For instance, films that had great reruns, now find continuous engagement across digital platforms. On YouTube, classic Hindi cinema continues to attract significant viewership, reaching audiences across generations and geographies with remarkable consistency. At Shemaroo Entertainment, this is reflected in our film library shaped over decades as part of a long association with Indian entertainment. From classics such as Amar Akbar Anthony to much-loved entertainers like Jab We Met, Welcome, Dhamaal, Phir Hera Pheri, Dhol, Golmaal, and Bhagam Bhag, many of these titles continue finding new audiences while retaining their place in popular memory. Their enduring appeal reflects how culturally resonant stories can continue creating value over time.
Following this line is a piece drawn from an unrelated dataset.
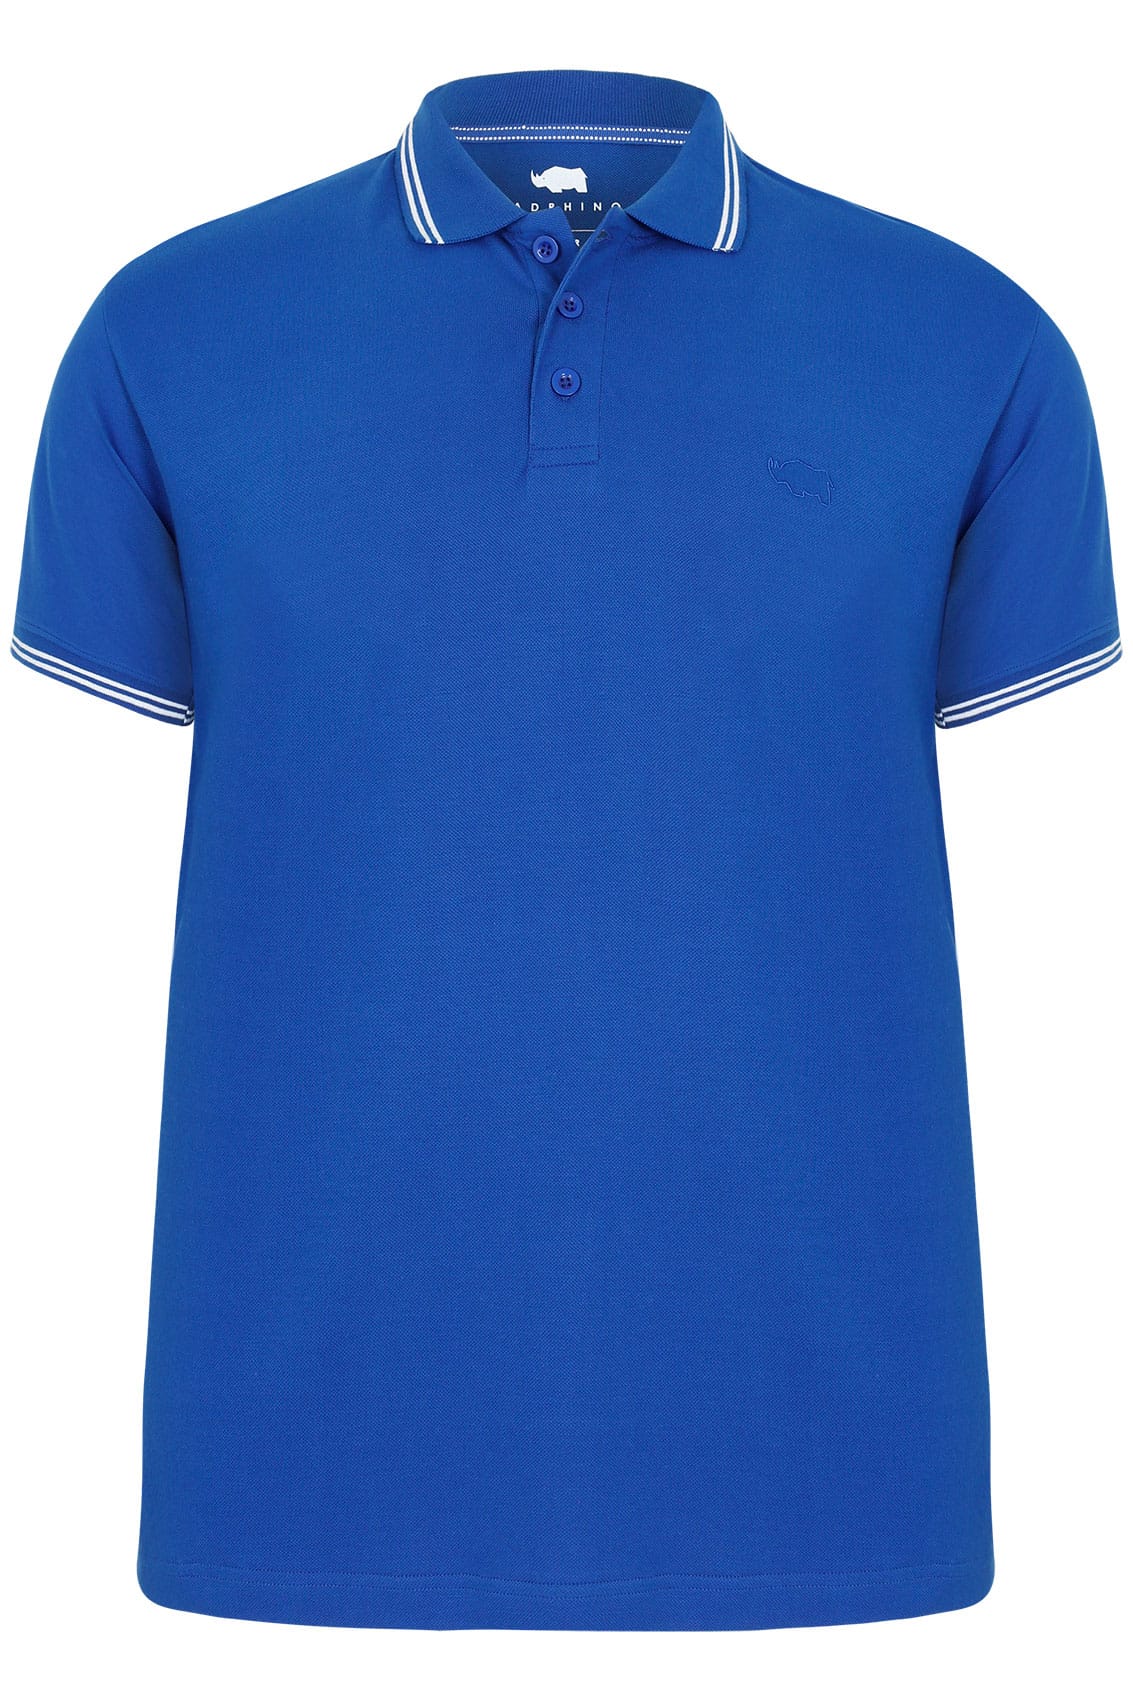 BadRhino Cobalt Blue Textured Tipped Polo Shirt, Size L to 8XL

Similarly, FAST channels have created curated, always-on environments where catalogue content can continue to thrive through star-led and genre-based programming.
This multi-platform approach has very well transformed films into long-tail IP assets which are capable of generating recurring revenue across advertising, subscription, and syndication models.
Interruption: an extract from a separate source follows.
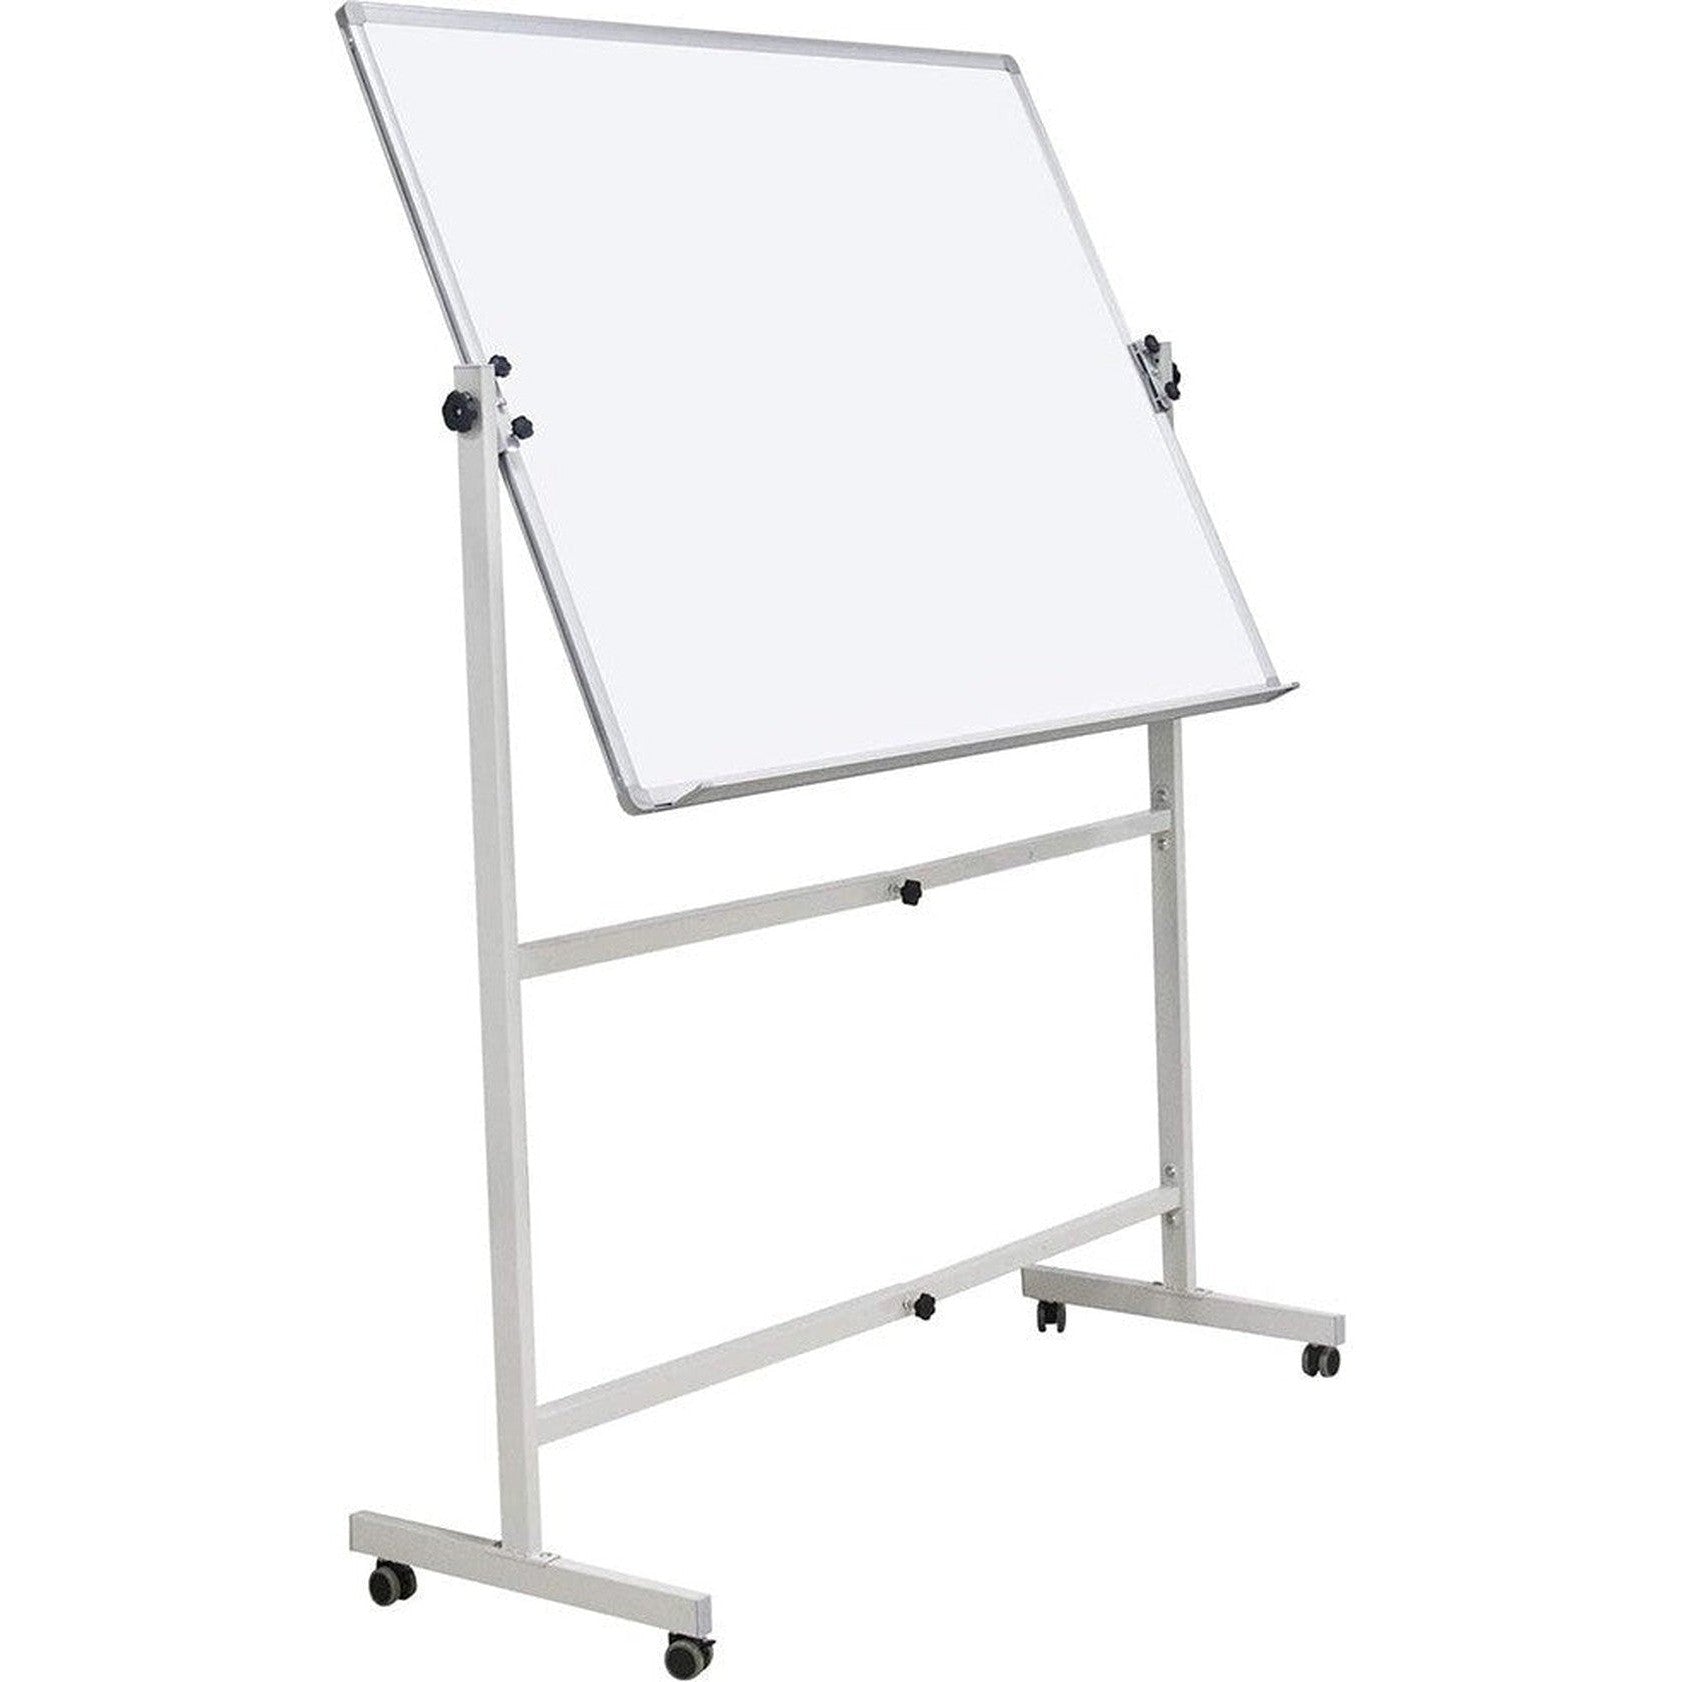 120Cm X 240Cm Whiteboard With Stand-Stationery Cork Boards-Other-Star Light Kuwait

The evolution of audience behavior is equally important. Nowadays, it’s more important to find what’s more relative than what’s recent as viewers are more influenced by mood, memories, and algorithmic suggestions than by release schedules. Even if a movie was released decades ago, it can trend alongside a newly released movie, if surfaced in the right context. Thoughtful packaging, whether through festival-based playlists, actor-driven collections, or genre clusters, allows catalogue content to remain dynamic and continuously discoverable. Shemaroo Entertainment has built extensive film libraries over decades and its focus has mostly been on recontextualizing content for the consumption of newer environments. This process doesn’t just include digitization and restoration, but also re-packaging of films as per platforms.
Syndication itself has evolved into a key growth driver. In perspective, when looking at the domestic market, curated content packages continue to find strong demand across broadcast and digital platforms. Meanwhile, in the international market, especially in markets like Middle East, North America and Southeast Asia, the appetite for Indian content is opening up new monetization avenues. Here, the ability to package and position catalogue content effectively becomes as important as the content itself.
Importantly, the need to re-package catalogue content does not diminish the role of new content. In fact, originals and fresh IP are essential to sustaining the long-term value of a film library because they act as discovery engines that bring audiences into the ecosystem, while catalogue content drives depth, retention, and repeat engagement.
This interplay between the “new” and the “known” is what defines a robust content strategy today. While new films generate spikes in consumption, catalogue titles offer familiarity and comfort. These are factors that are increasingly valuable in an era of content abundance and decision fatigue. This is also shaping our strategy, drawing value from both a deep catalogue assets and a growing focus on original IPs to strengthen long-term audience engagement and build more predictable revenue streams.
There is growing recognition that long-term value in entertainment will be shaped not only by how intelligently existing content continues to live, travel and find relevance, but also by how consistently new stories are created to renew that ecosystem. In that sense, film libraries and original IP are not parallel bets, but reinforcing engines of growth. For media companies, the opportunity lies in making these two forces work together, because that is increasingly where more resilient and predictable businesses are being shaped.
Note: The views expressed in this article are solely the author’s and do not necessarily reflect our own.